Assignment:
Return the data below unchanged, without images.

Supplied information:
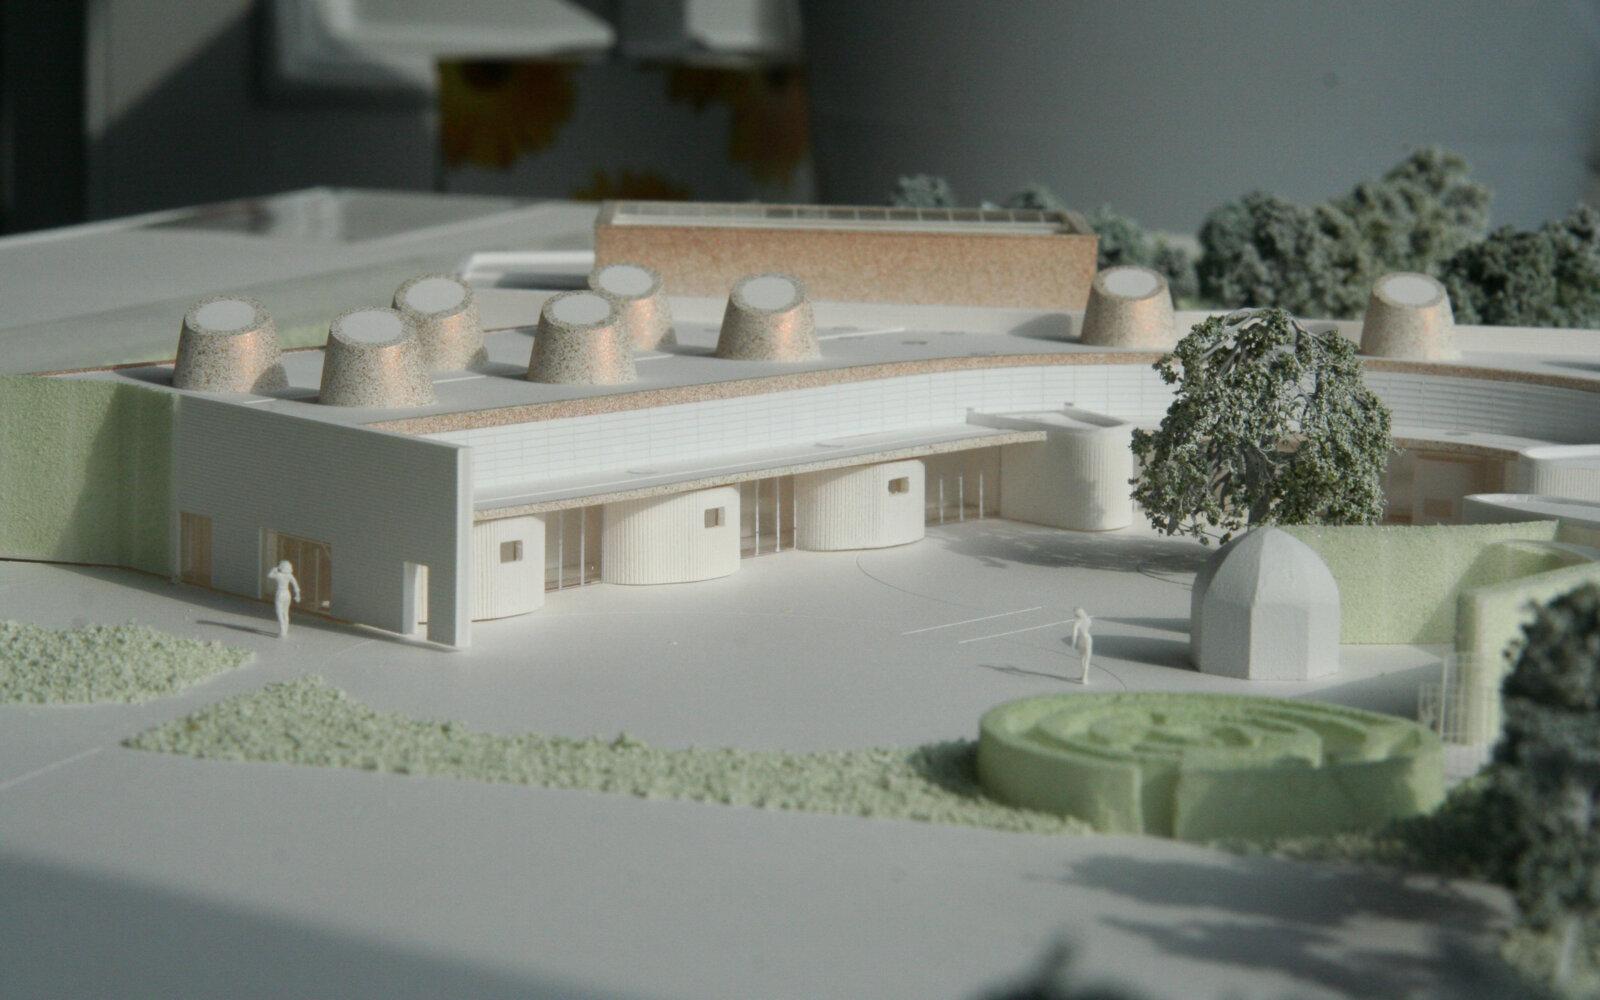 Jesmond Gardens Primary School 3D model
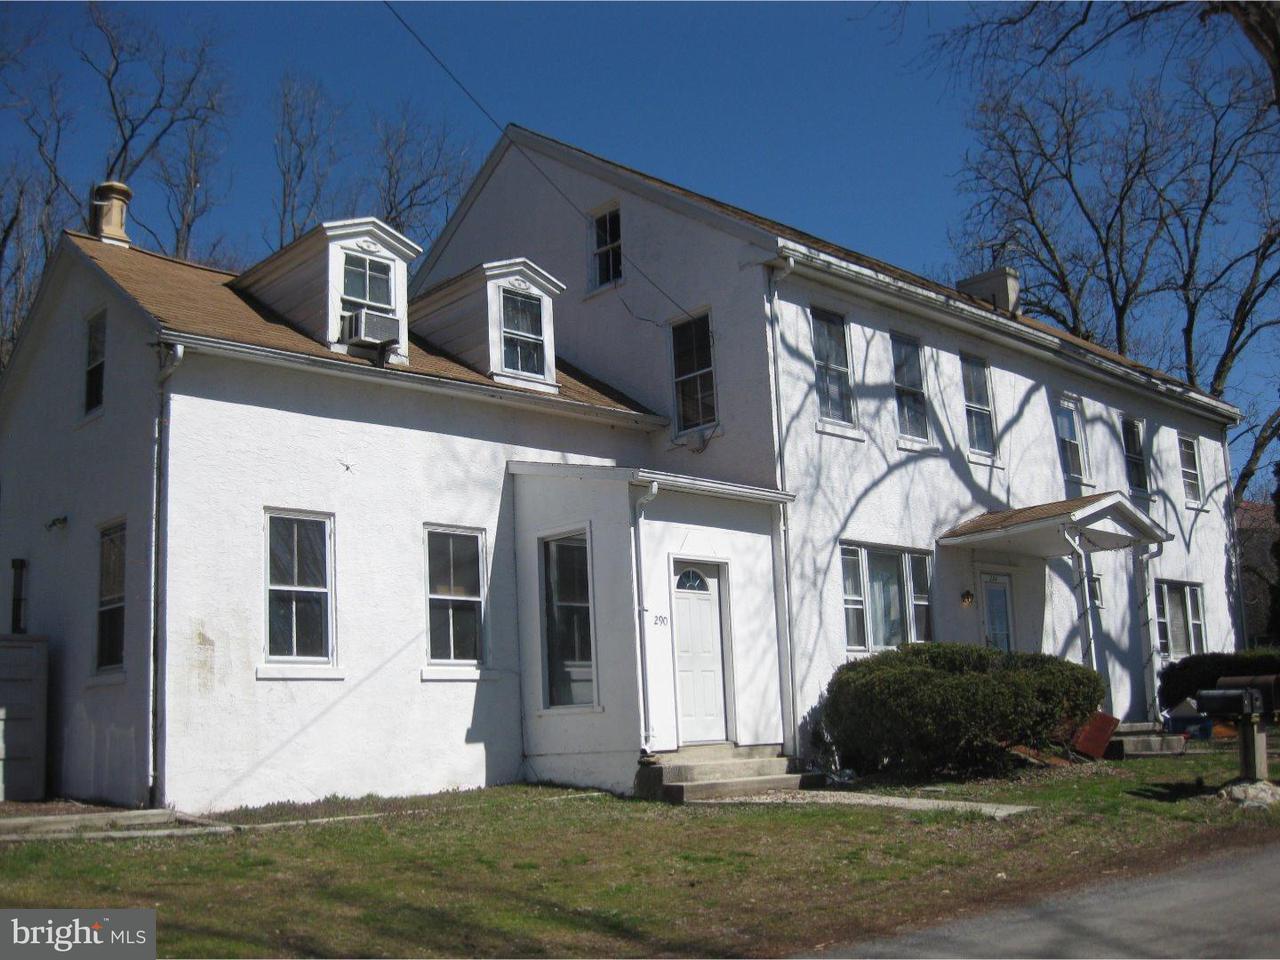 Casa Unifamiliar por un Venta en 280 HOTTENSTEIN Road Kutztown, Pennsylvania 19530 Estados Unidos
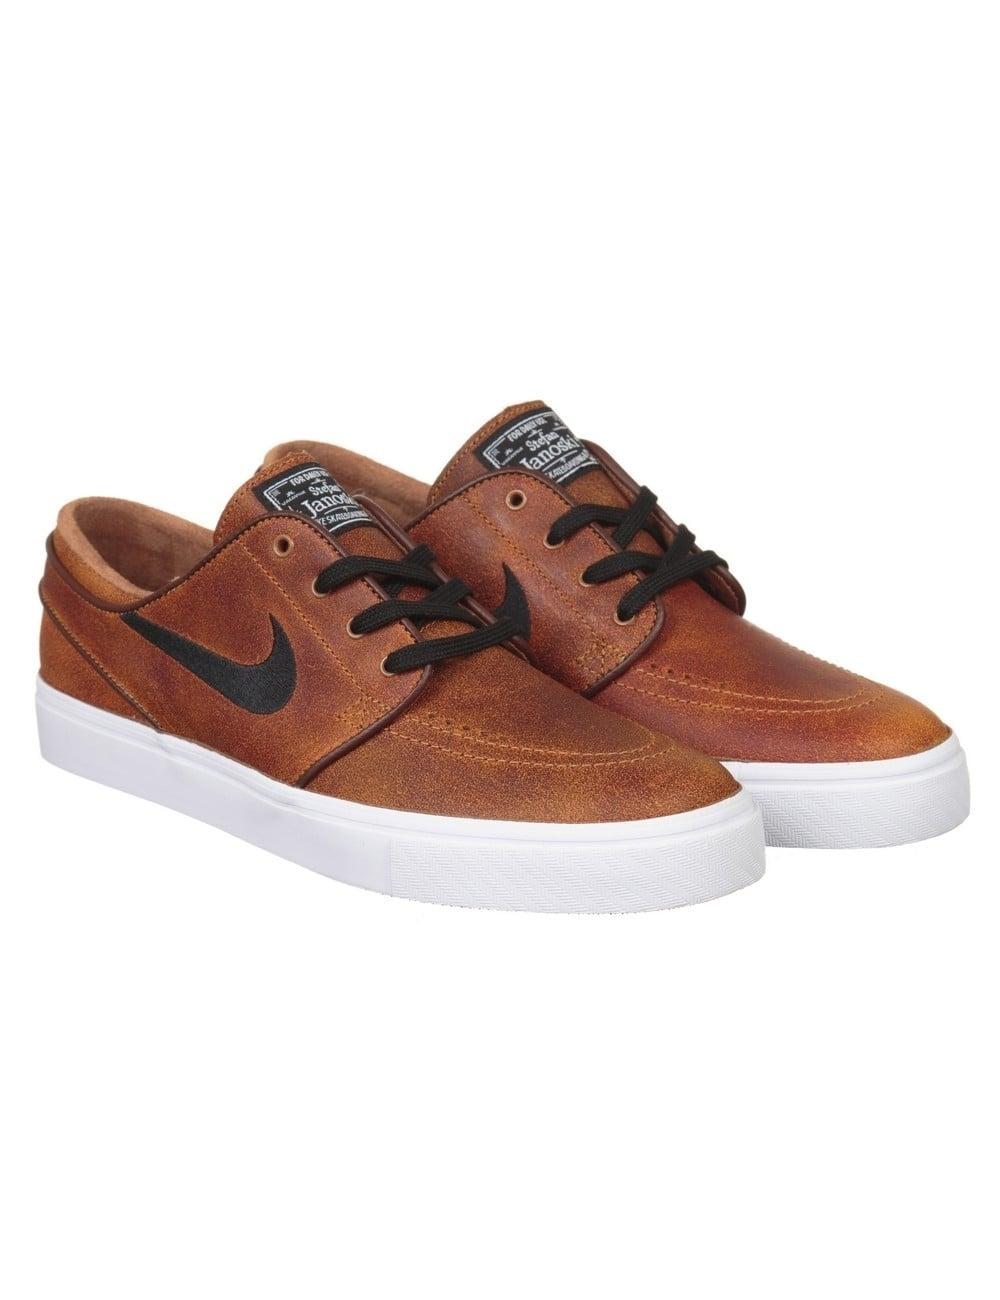 Nike SB Stefan Janoski Elite Shoes - Ale Brown Black - Footwear from ... 3fcb3c698
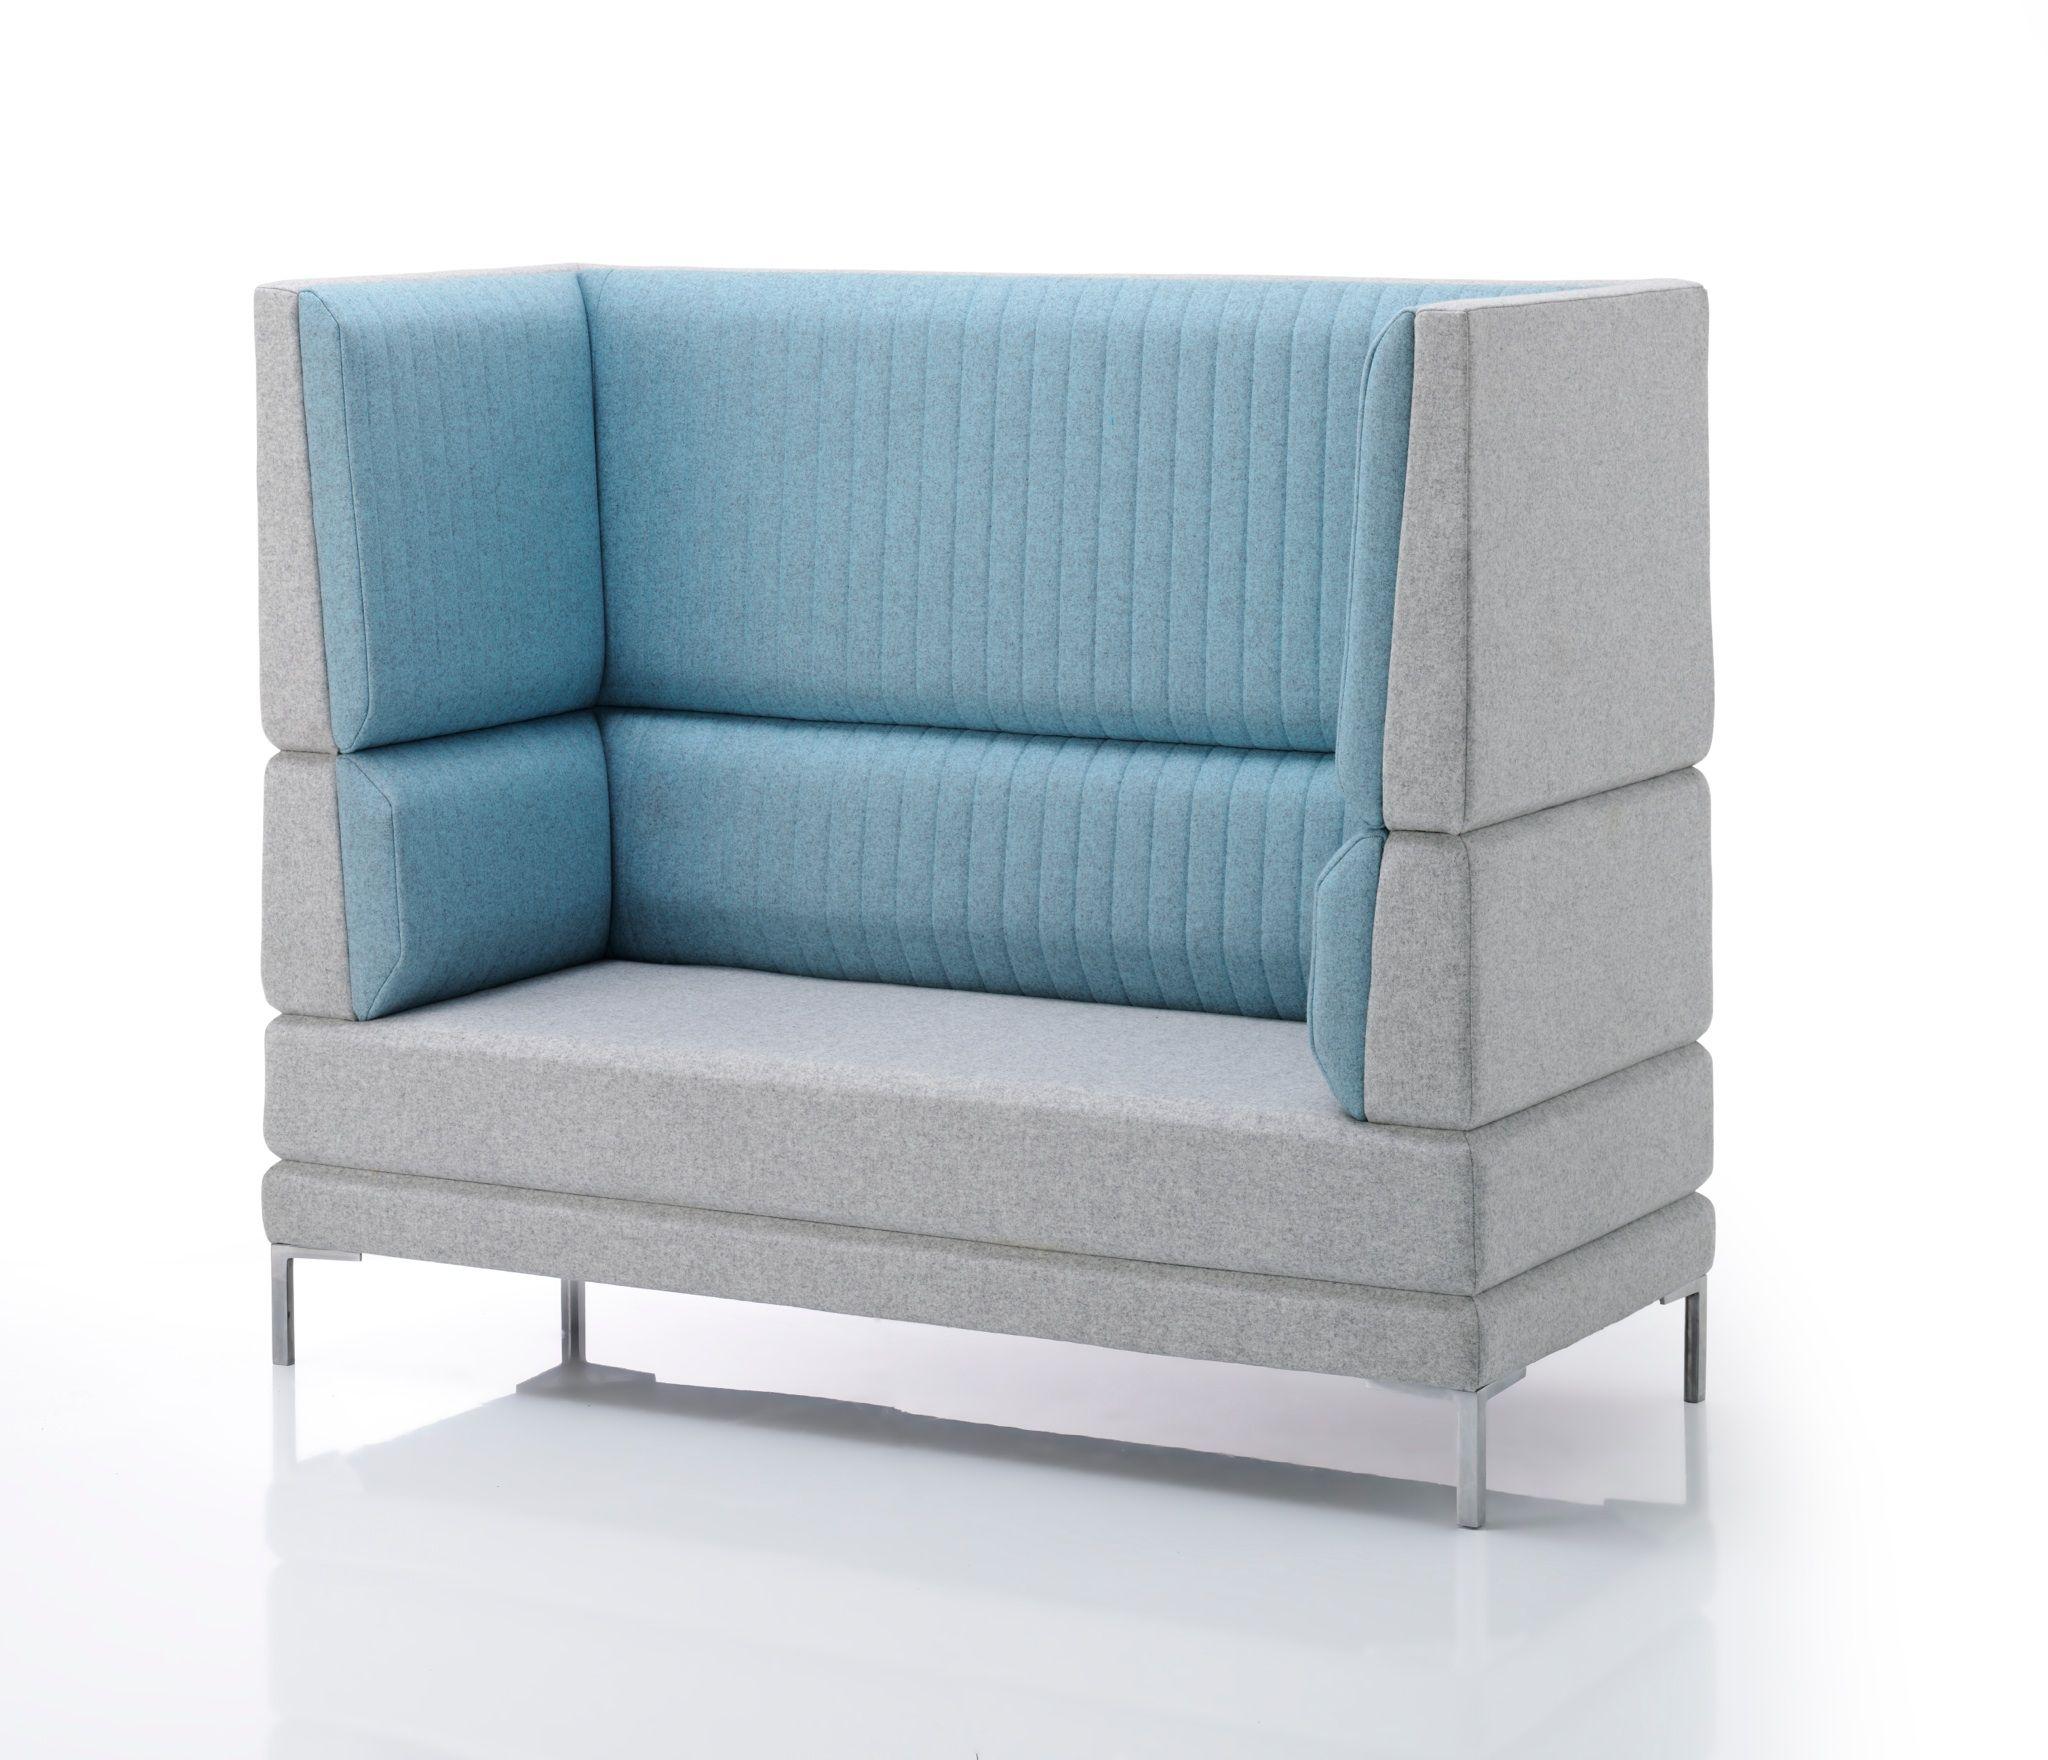 henray high back sofa furniture pinterest. Black Bedroom Furniture Sets. Home Design Ideas

Output of the task:
 Jesmond Gardens Primary School 3D model
 Casa Unifamiliar por un Venta en 280 HOTTENSTEIN Road Kutztown, Pennsylvania 19530 Estados Unidos
 Nike SB Stefan Janoski Elite Shoes - Ale Brown Black - Footwear from ... 3fcb3c698
 henray high back sofa furniture pinterest. Black Bedroom Furniture Sets. Home Design Ideas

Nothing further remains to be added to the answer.